Facial animation and capture was approached slightly differently. Wiig did perform some scenes with tracking markers applied to her face, although a head-mounted camera was not part of principal photography on location. “We didn’t want to put a head-mounted camera on everything we were shooting on the day on set, because we wanted to be able to use as much as possible of the facial of Kristen,” describes Wajsbrot. “As soon as you put on a HMC you are back into the full CG world.”


“There were, of course, some facial shots that were full CG,” says Wajsbrot. “The way we’ve done that was, either we had a very good reference of Kristen acting and we just had to one-to-one match the performance, animating by hand. Or, we also did a head-mounted camera shoot later. So, some shots are head-mounted camera, lots of shots are facial makeup, and a lot of shots are full CG as well. There is really a mixture depending on the shot.”

Director Patty Jenkins on the set of Wonder Woman 1984. Photo Credit: Clay Enos/ ™ & © DC Comics. Image © 2020 Warner Bros. Entertainment Inc.

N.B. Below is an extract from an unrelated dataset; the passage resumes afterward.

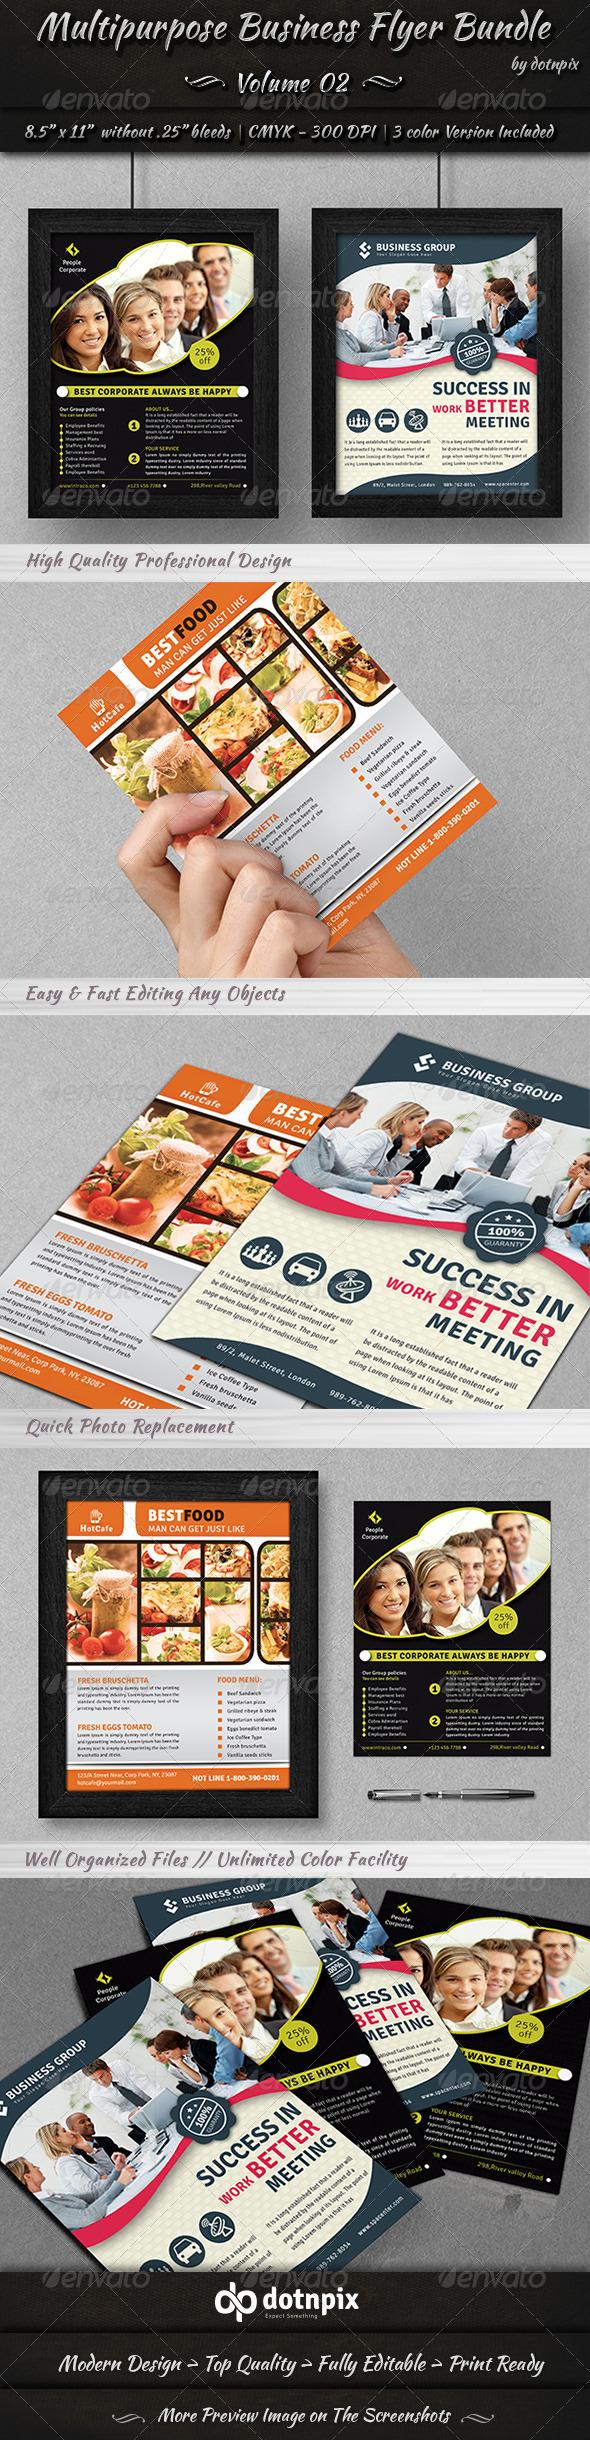 Multipurpose Business Flyer Bundle | Volume 2 - Corporate Flyers

All rights reserved.

Moffatt weighs in on that particular approach for Cheetah, which ultimately matched the entire edict of production. “Patty was very much of the opinion that it would need to be based off something photographic wherever possible. Which is great for us, because even if we ended up augmenting it or changing it or replacing it, at least we knew that we’d got a really good, grounded starting point.”